Wherever pictures appear in the listing below, leave them out, and copy exactly, and only, everything from the line with "Schuco limited edition" down to the line with "UK PM Boris".

## RECORDS FOR PROCESSING
■ ■ ■ ■ ■

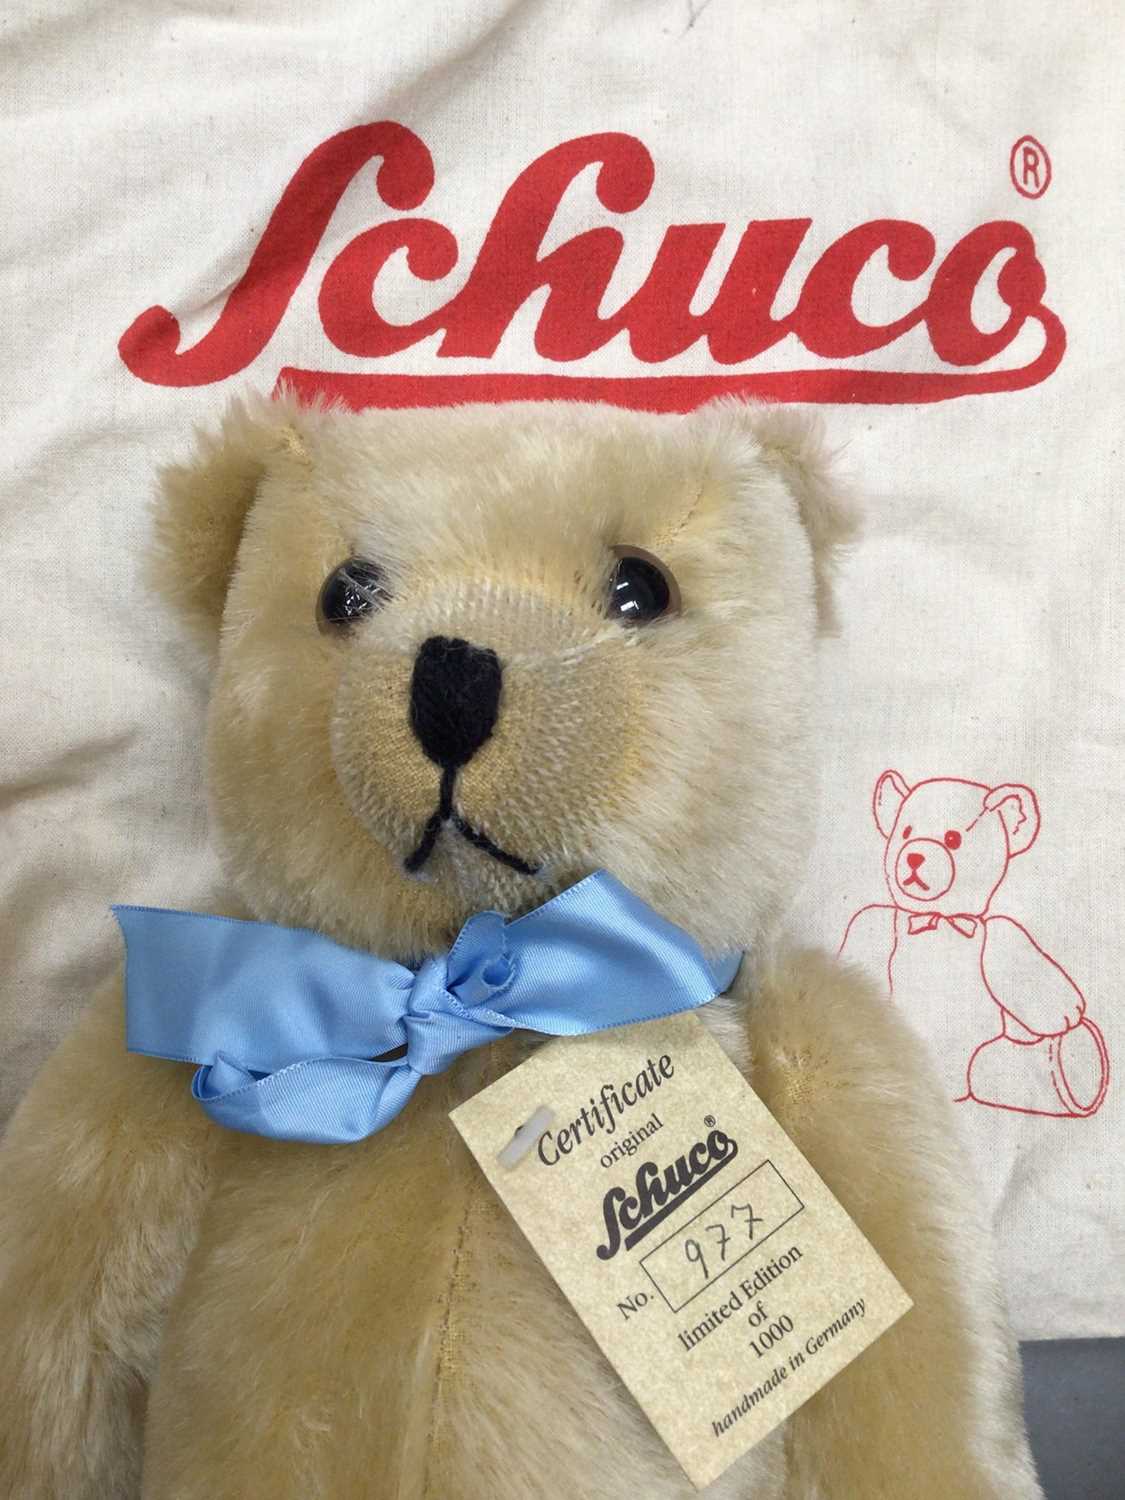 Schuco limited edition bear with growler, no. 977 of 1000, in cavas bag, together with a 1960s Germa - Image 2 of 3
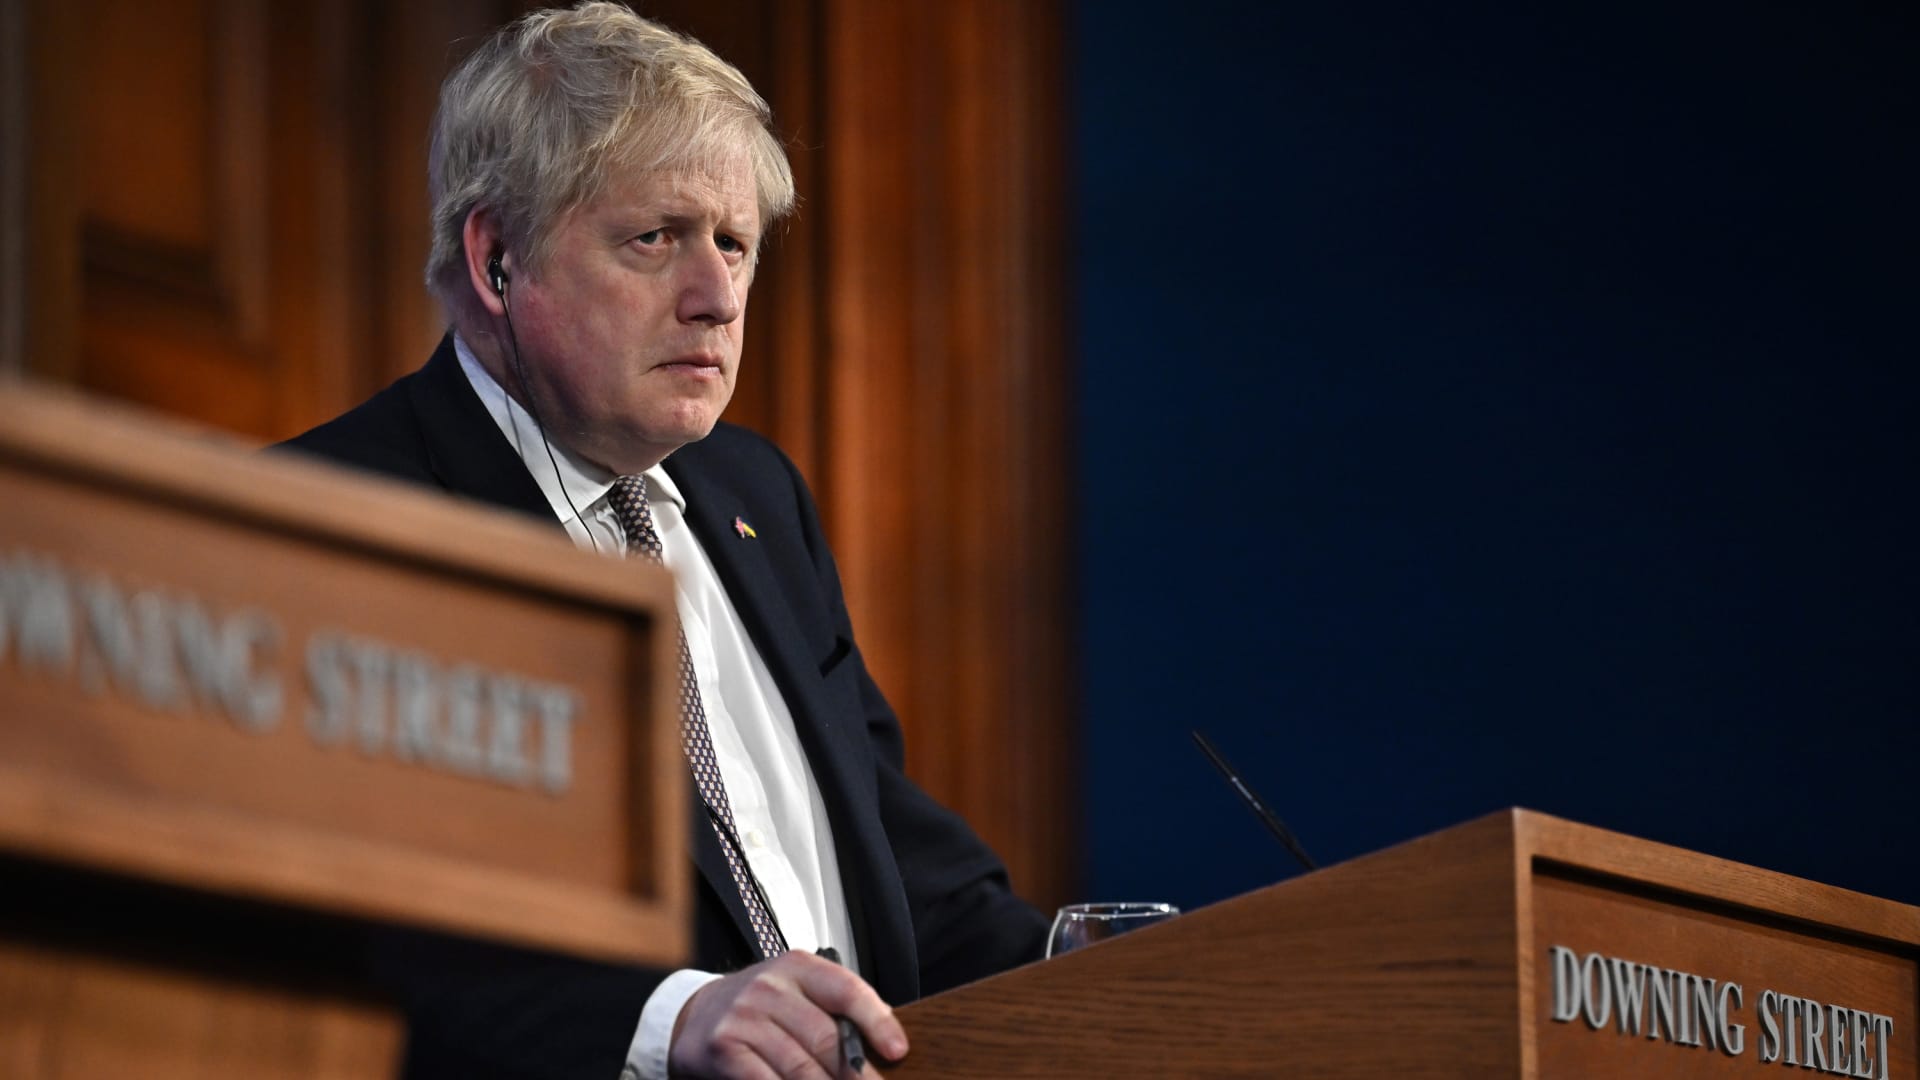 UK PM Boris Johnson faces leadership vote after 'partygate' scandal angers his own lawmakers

■ ■ ■ ■ ■

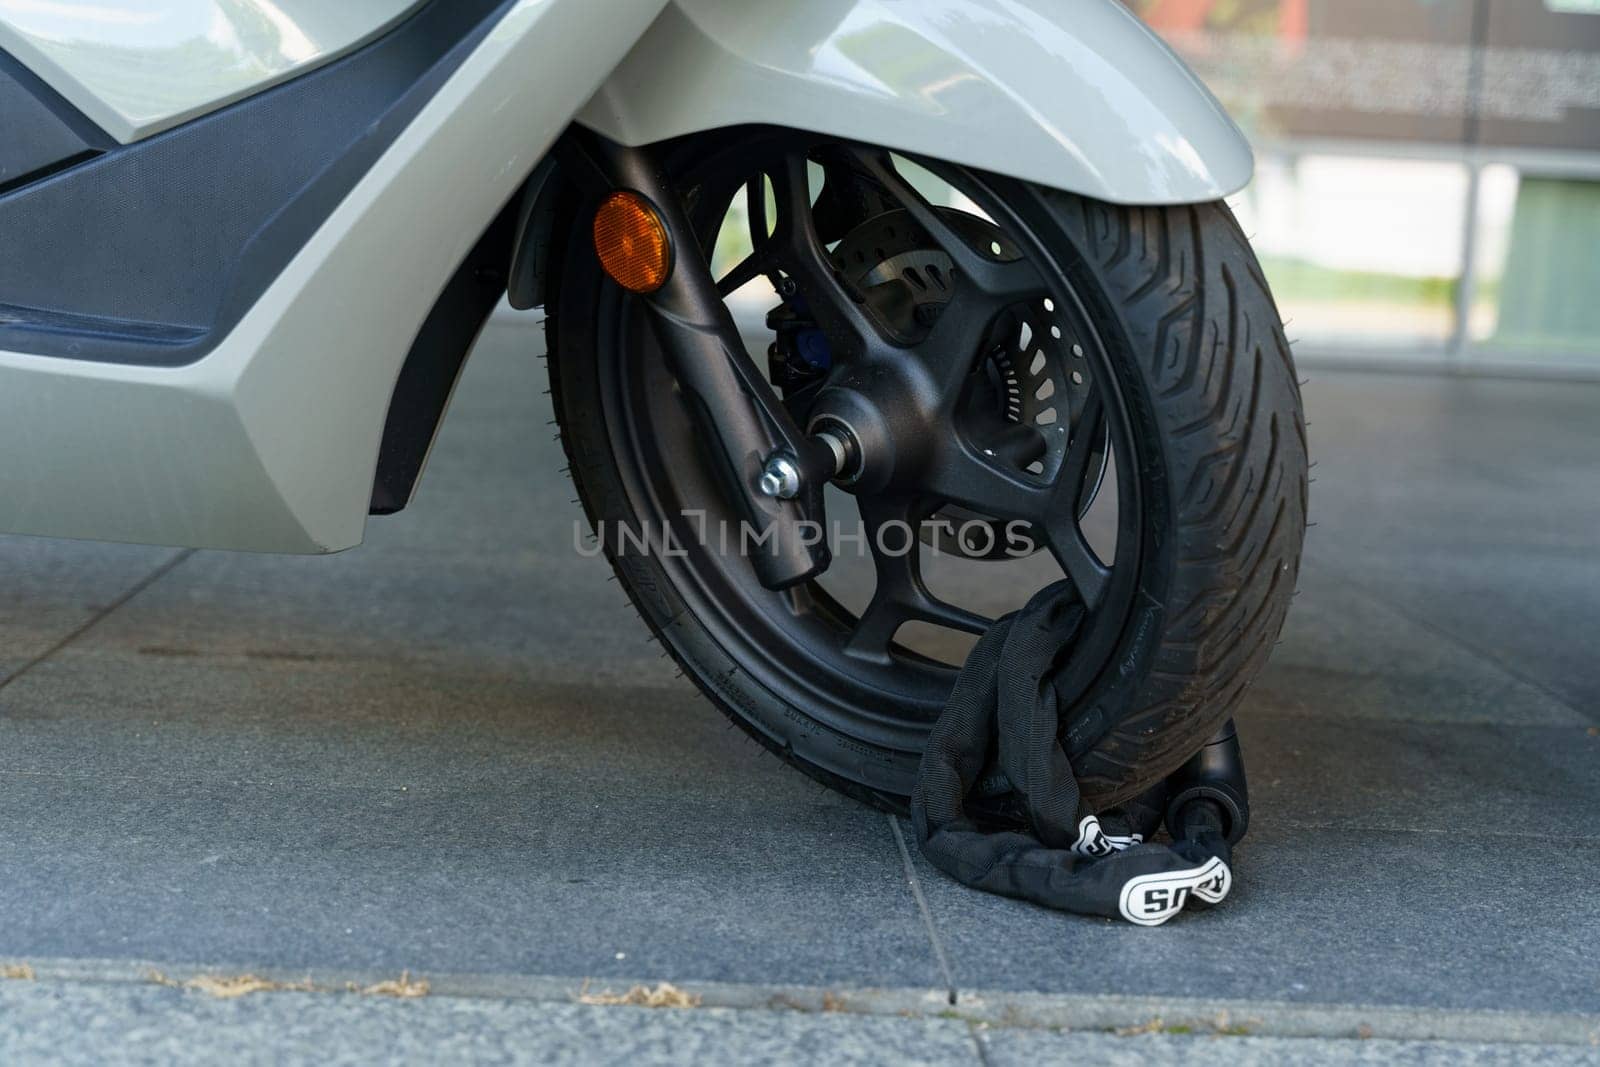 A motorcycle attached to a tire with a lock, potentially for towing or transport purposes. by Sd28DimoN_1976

■ ■ ■ ■ ■

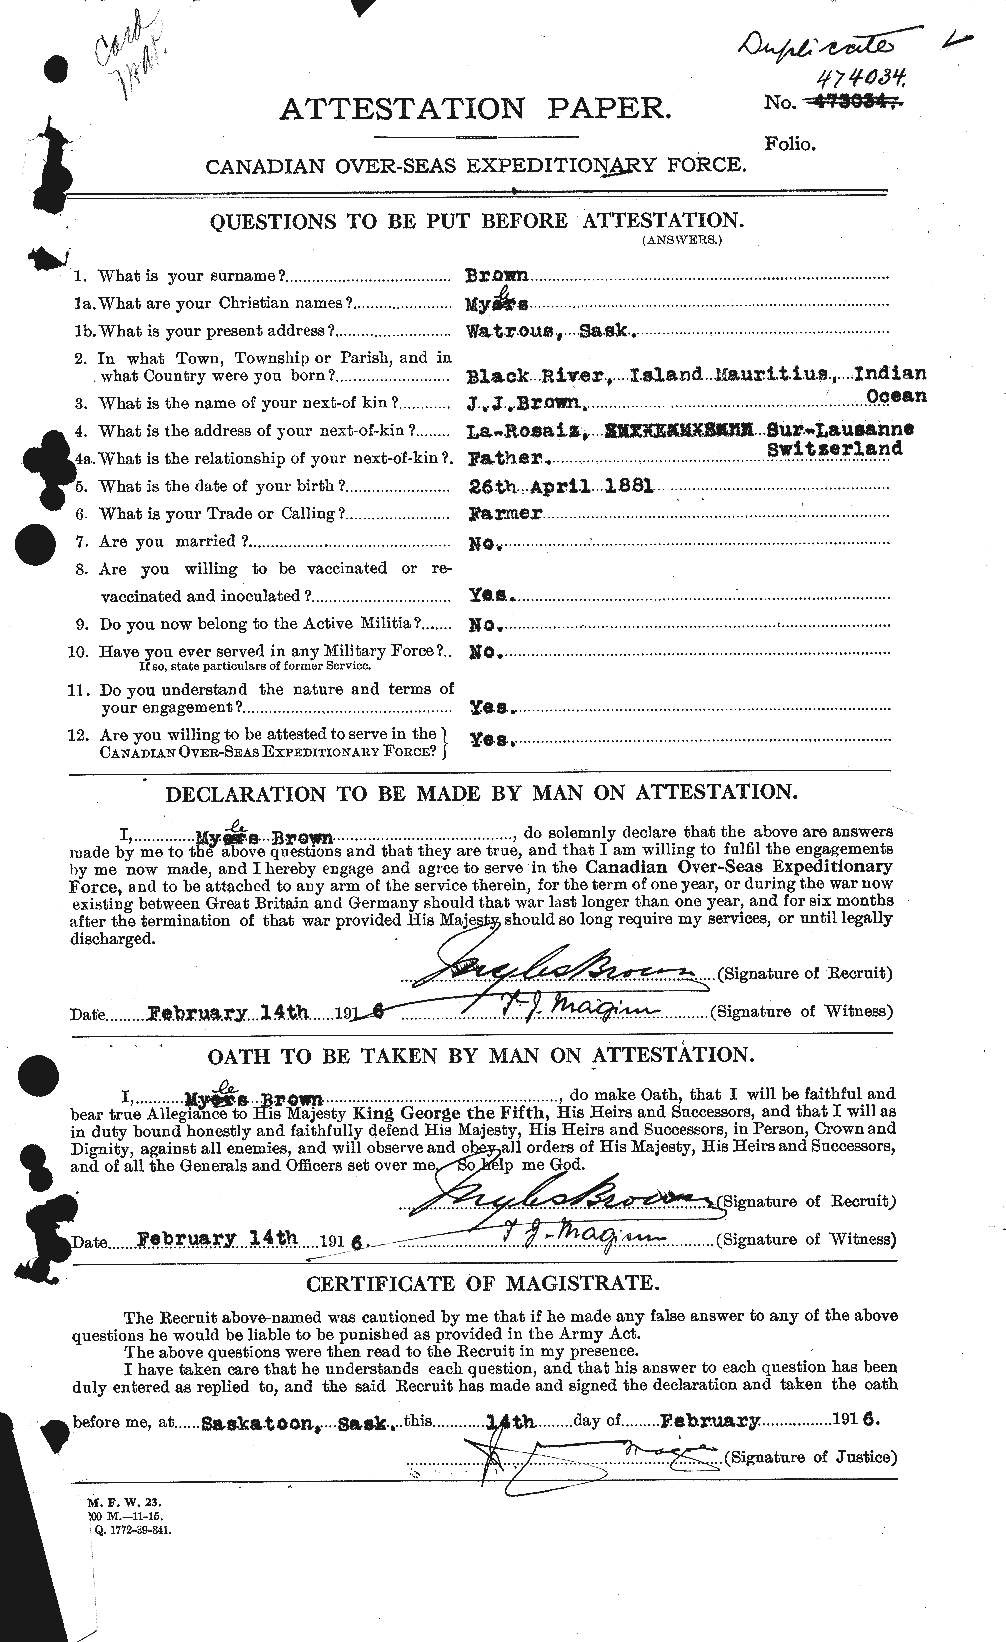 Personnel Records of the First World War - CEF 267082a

■ ■ ■ ■ ■

## RESPONSE AREA
 Schuco limited edition bear with growler, no. 977 of 1000, in cavas bag, together with a 1960s Germa - Image 2 of 3
 UK PM Boris Johnson faces leadership vote after 'partygate' scandal angers his own lawmakers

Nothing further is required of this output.